Kellogg (NYSE:K) is among the world's leading cereal and convenience foods companies. The company's performance was challenged in recent years because of weak consumer spending and input cost inflation. However, the company is likely to expand its margins and earnings in the future due to an expected improvement in consumer spending, decreasing grain (inputs) prices, and increased productivity.

Dropping grain prices
Kellogg will perform better in the future because a drop in grain prices will likely result in gross margin improvement. Corn, wheat, and soybean oil prices recently trended downward. Since the beginning of May last month, prices for corn, wheat, and soybean oil dropped by 11%, 13%, and 11.5%, respectively.

The company expects  low single-digit inflation in 2014. Management believes the company will realize the benefit of the drop in grain prices in the ongoing second quarter, and expects it to result in gross margin expansion of 40-50 basis points in 2014.

Kellogg's margins should improve as key input prices fall, and because of this it can direct its input cost savings toward strengthening its product portfolio and increasing its advertisement and promotional spending. Kellogg could also opt to reduce prices across its product portfolio, which would augur well for its sales volume and market share in upcoming quarters. 

Kellogg's peers, including Post Holdings (NYSE:POST) and General Mills (NYSE:GIS), are also likely to benefit from a drop in input prices. Post Holdings expects modest net deflation in commodities in the back half of 2014, which is likely to result in gross margin improvement in the second half of 2014. In the recent first calendar quarter, the company observed a 2% decrease in cost of goods sold per pound, which will accelerate further in upcoming quarters due to the input price drop.

General Mills anticipates strong margin expansion in upcoming quarters, as it expects low inflation in the fiscal fourth quarter of 2014. General Mills expects full-year inflation of 3%. Aside from lower input prices, a lower share count and a lower tax rate will drive earnings growth. General Mills has repurchased 29 million shares for a total of $1.4 billion in fiscal 2014 YTD.

The future sales volumes of Kellogg, General Mills, and Post Holdings will also benefit from expected improvements in the U.S. GDP growth rate and consumer spending. The Fed expects U.S. GDP to grow by 2.8%-3% in 2014, in contrast to 1.9% in 2013.

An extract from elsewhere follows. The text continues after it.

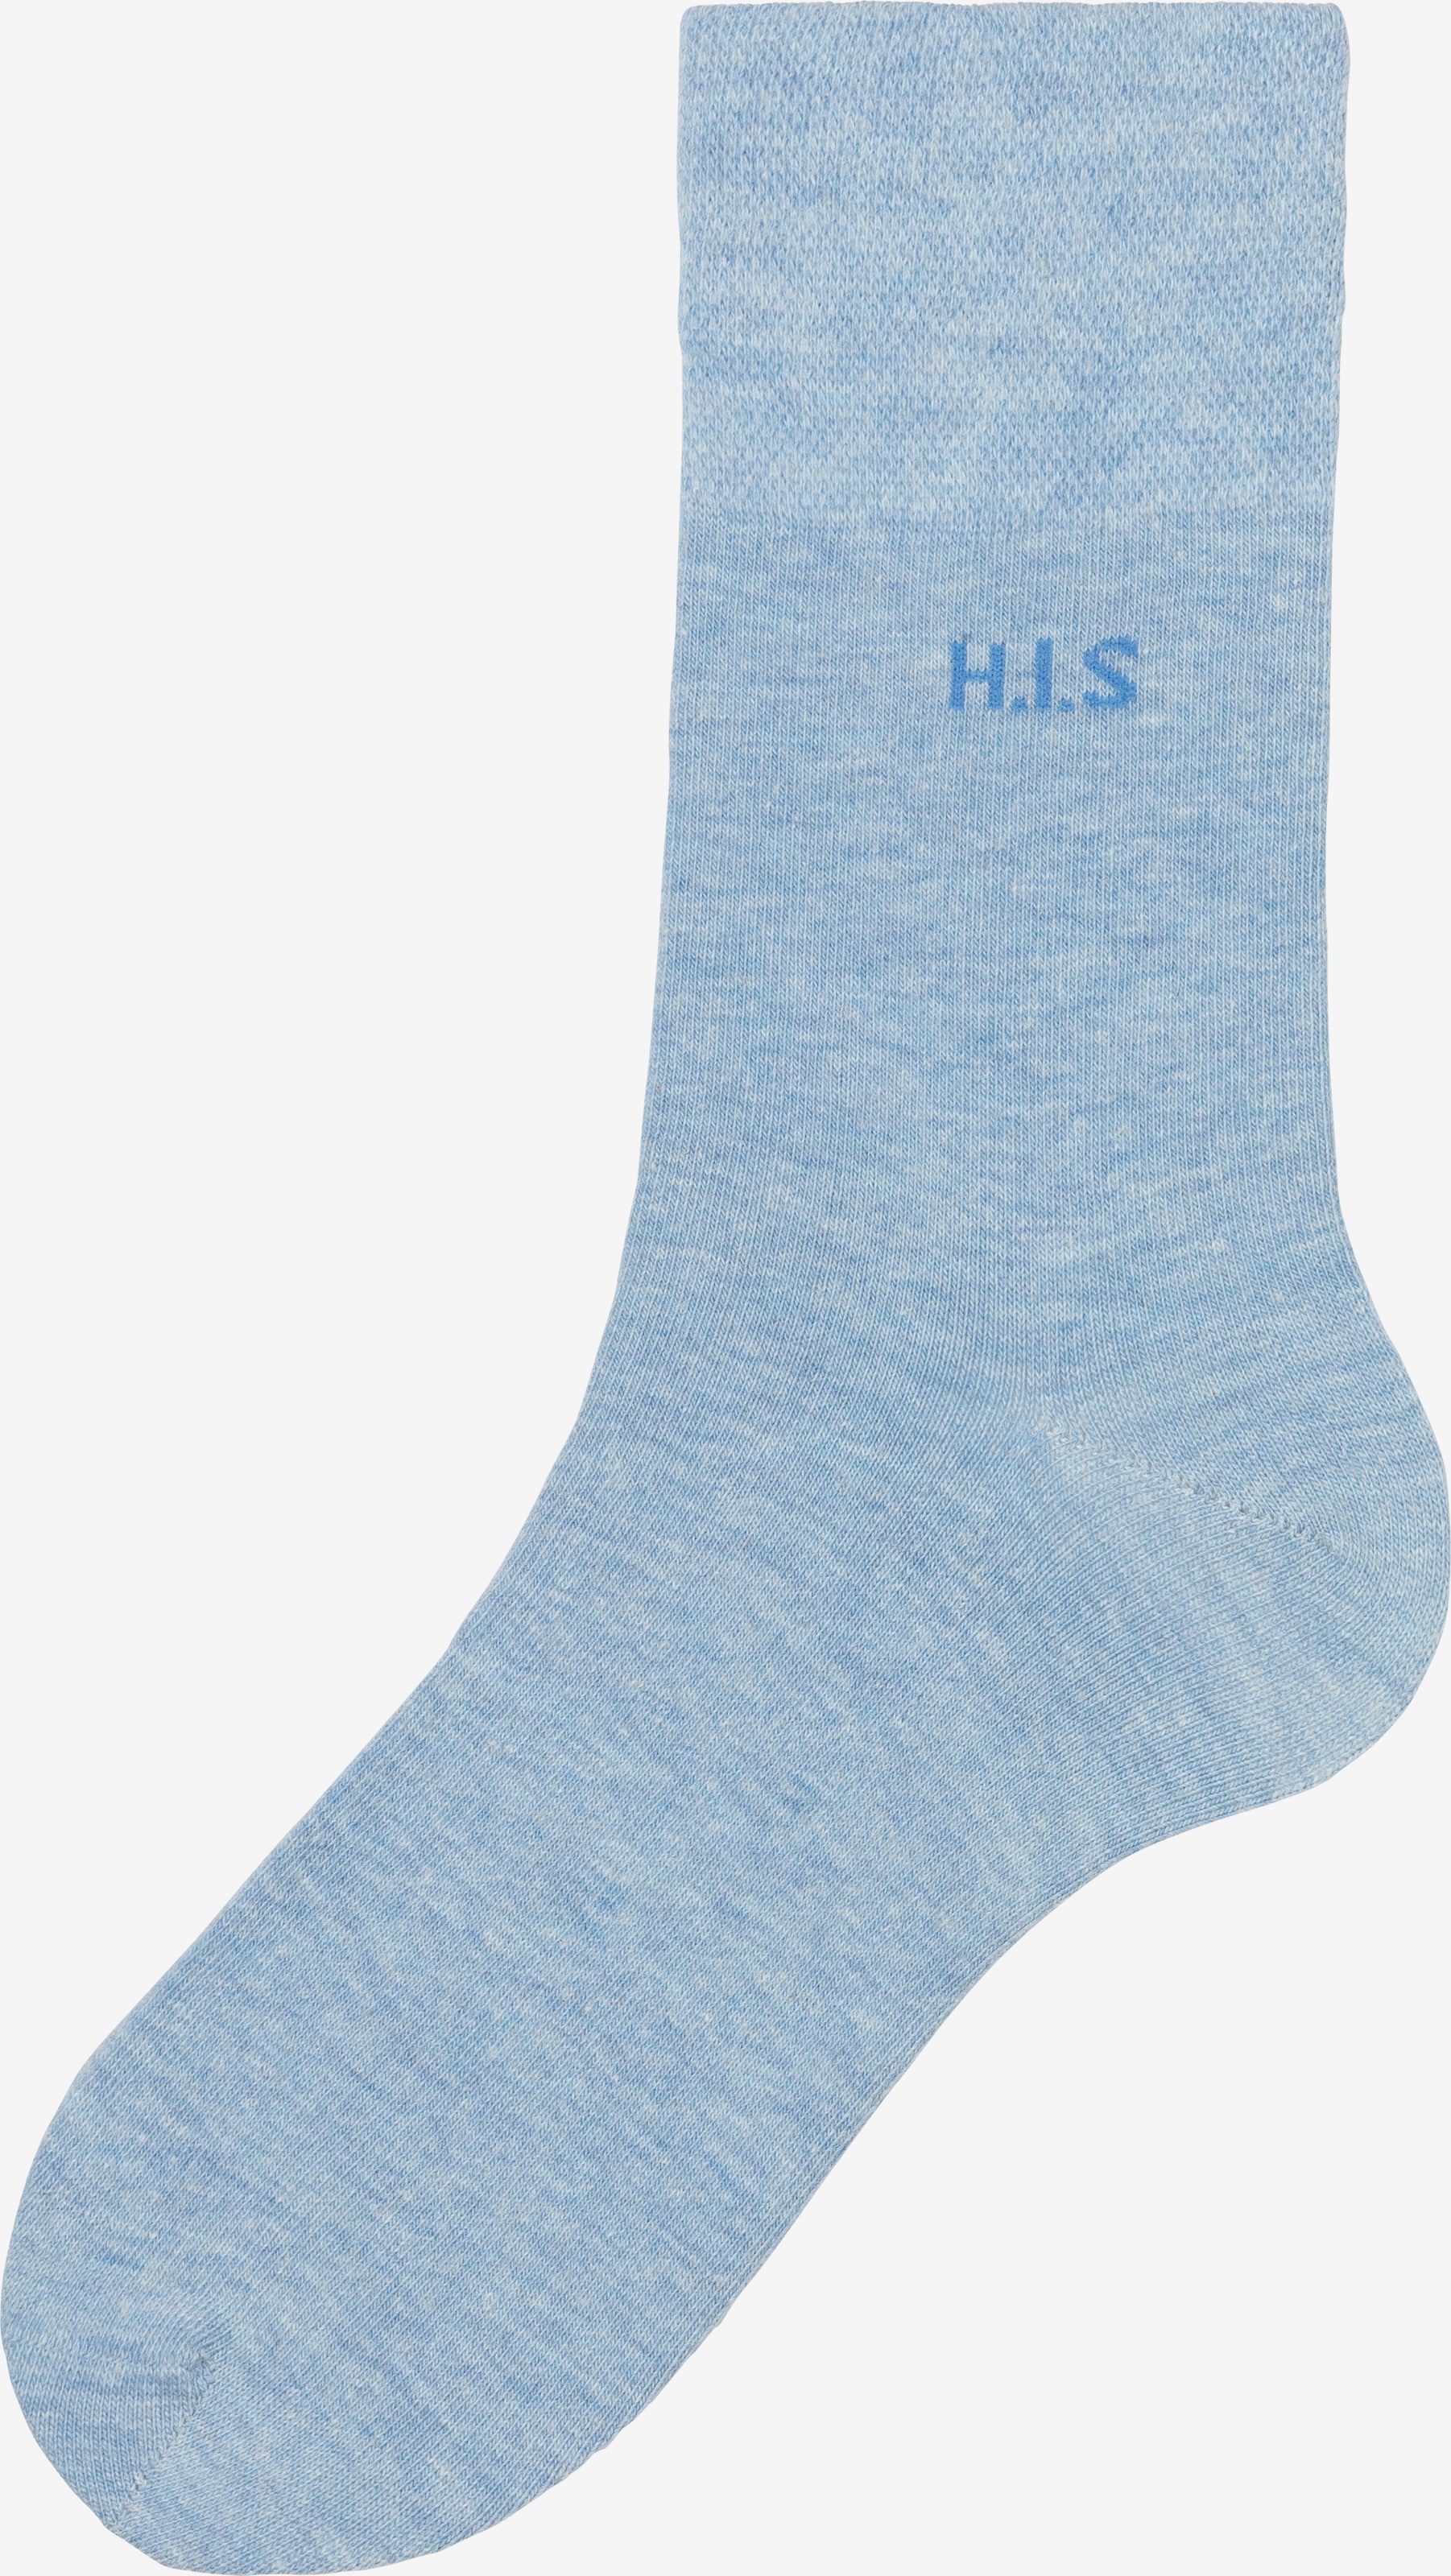 H.I.S Socken in Hellblau, Dunkelblau | ABOUT YOU

Other earnings growth drivers
Aside from the drop in grain prices, Kellogg's productivity enhancement initiatives remain an important driver of its earnings growth. The company has been working on 'Project K', a $1.4 billion restructuring program, to improve productivity. It anticipates that Project K will result in annualized cost savings of $425-$475 million by 2018. The company is making progress on Project K and remains on track to achieve the target in 2014.

Under Project K, Kellogg generated savings of $15 million in 2013 and expects to generate incremental savings of $50-$60 million in 2014. In order to achieve the desired cost savings under Project K, the company has opted to reduce its workforce, close or reduce facilities in developed markets, and improve its supply chain and distribution in several emerging markets.

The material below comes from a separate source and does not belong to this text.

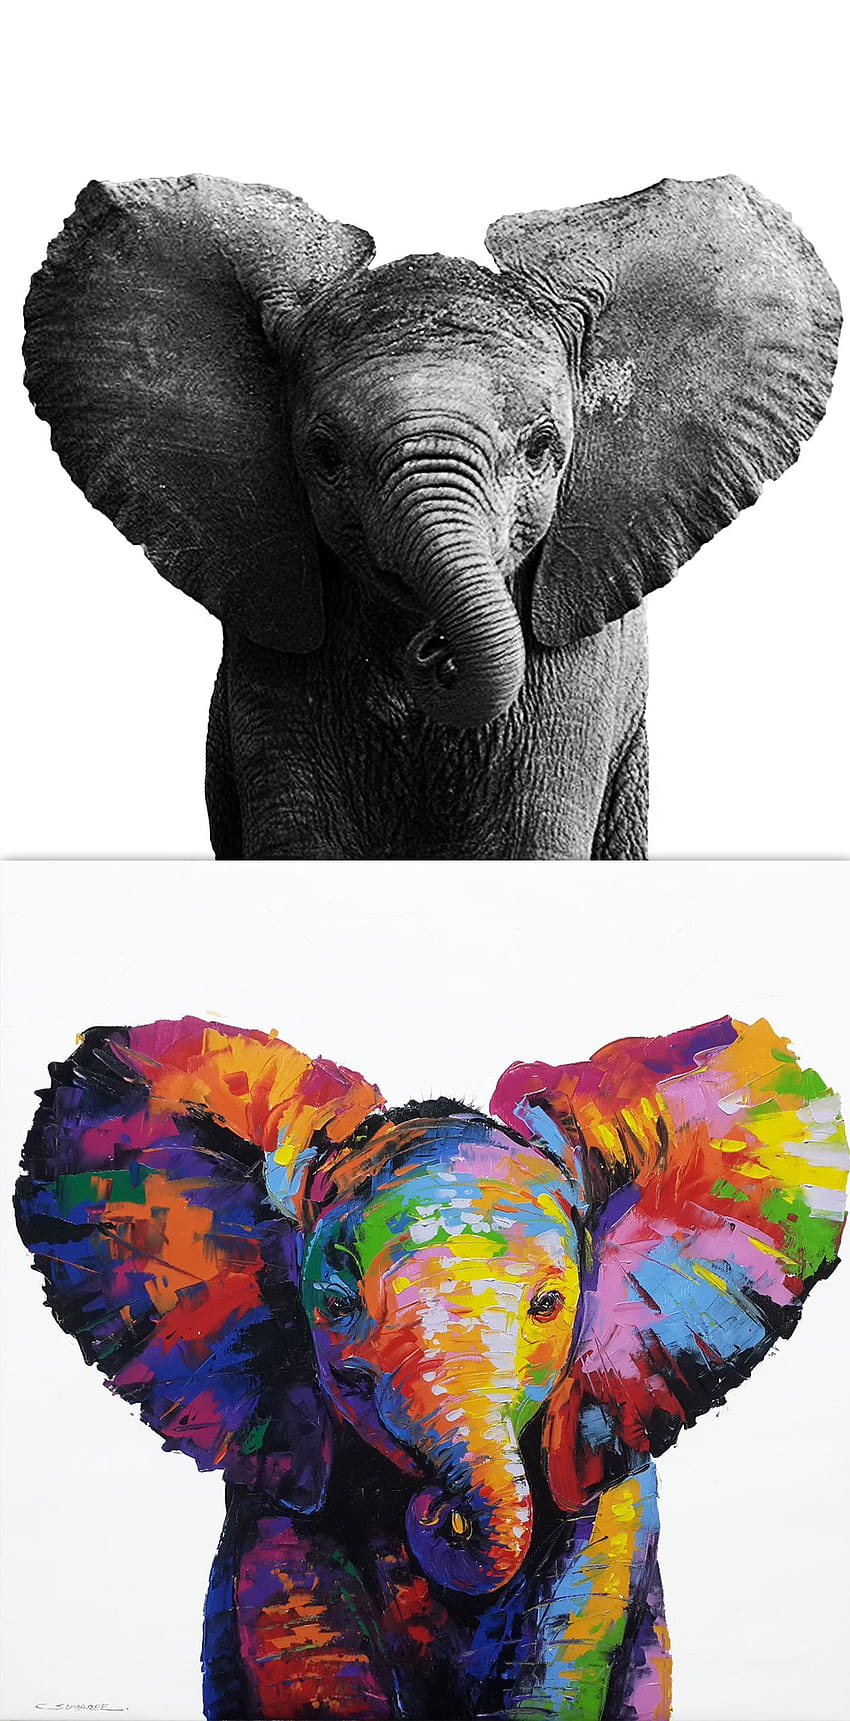 Arte hermoso del elefante de SumareeART. Arte de elefante, arte de retratos de animales, tatuaje de arte de elefante, arte de elefante colorido fondo de pantalla del teléfono

The cost savings that Kellogg expects to realize under the program will help expand margins and allow Kellogg to make brand-building investments for the long term. Kellogg is likely to start making these investments in the current second quarter and they will increase over time.

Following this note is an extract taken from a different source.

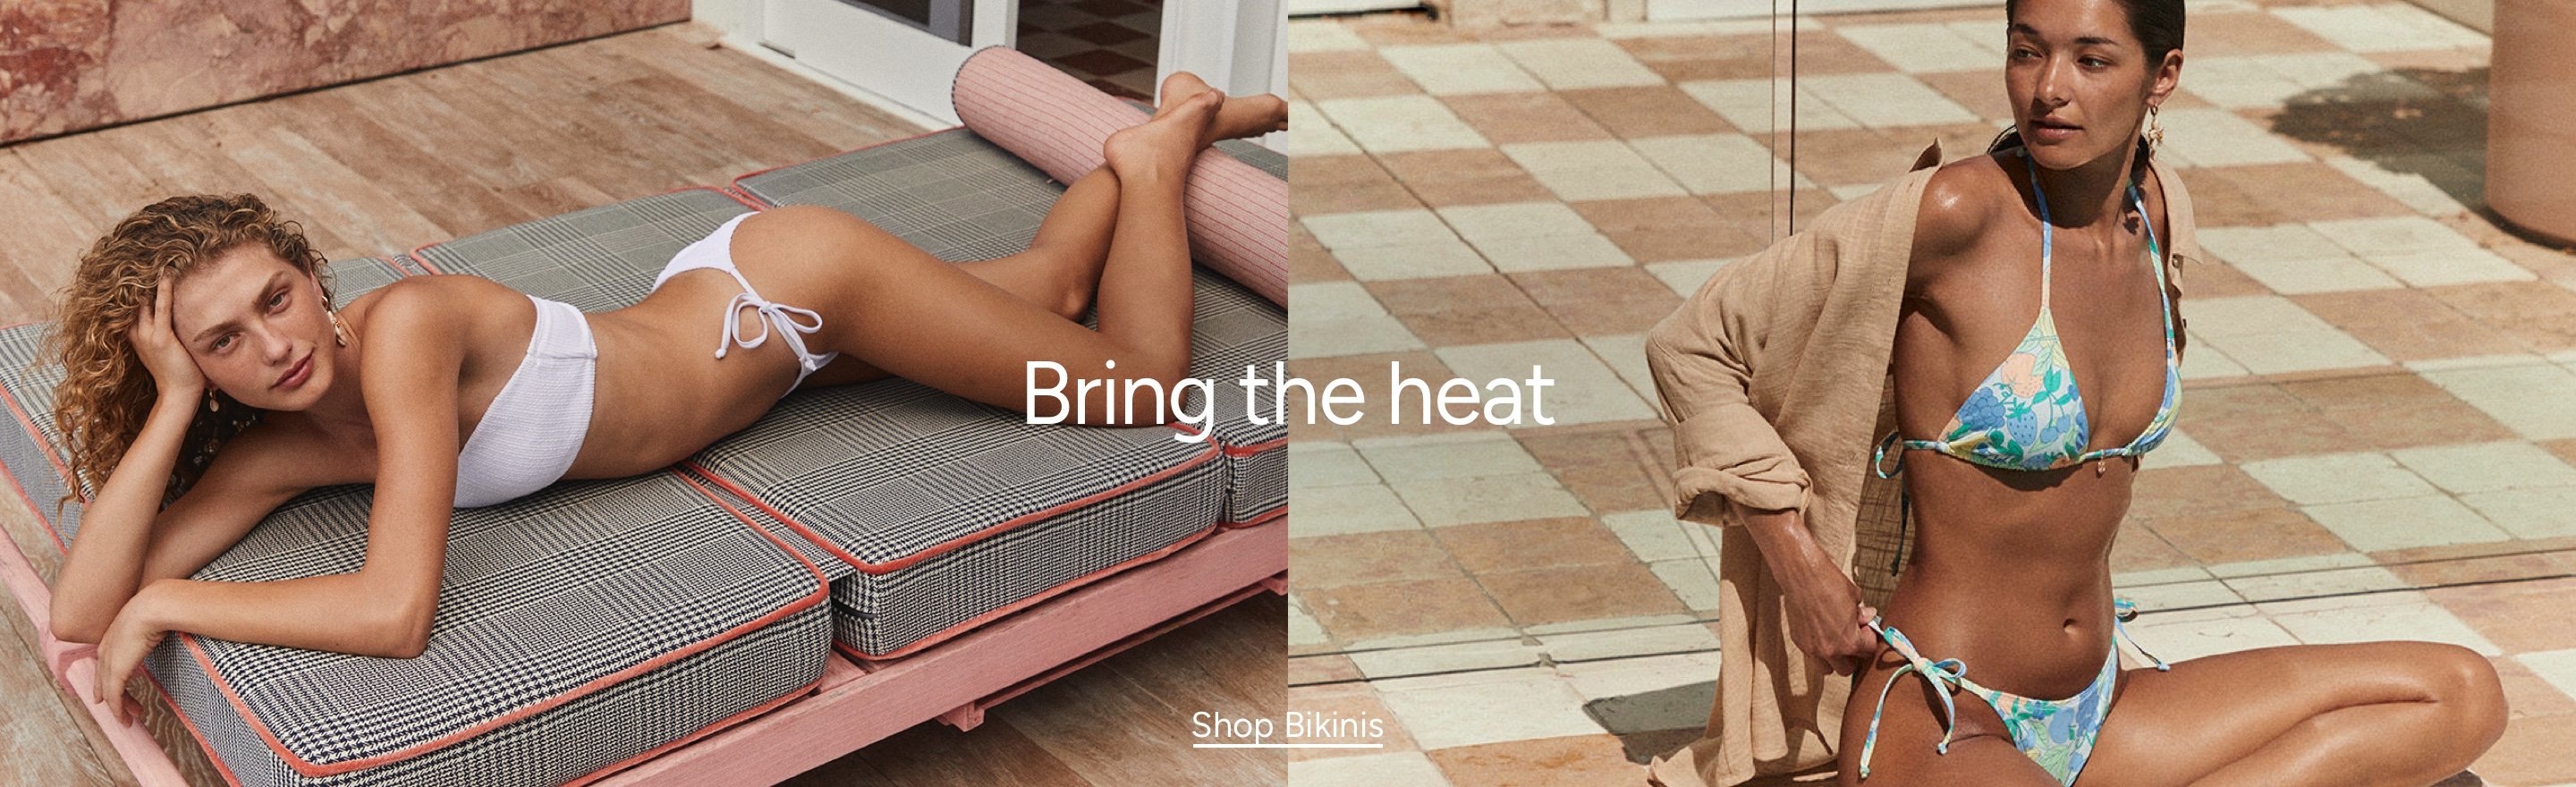 Bring the heat. Shop bikinis.

Moreover, the savings will allow the company to make investments consistent with the growth opportunities available throughout the world. Furthermore, management has guided that Kellogg is likely to repurchase 1.5%-2% of its current common shares outstanding, which will prove to be a tailwind for earnings-per-share growth; share repurchases are likely to have a positive impact of $0.08 per share on Kellogg's 2014 EPS.

Final take
Kellogg has struggled to deliver impressive returns for the past few years because of a weak consumer spending environment and input cost inflation. However, the future for Kellogg looks bright because of the drop in grain prices, expected improvements in the U.S. GDP growth rate, and the solid execution of Project K. The company will not only be able to expand its margins and earnings because of cost savings, it will also be able to make brand-building investments that will positively impact its performance in the long term.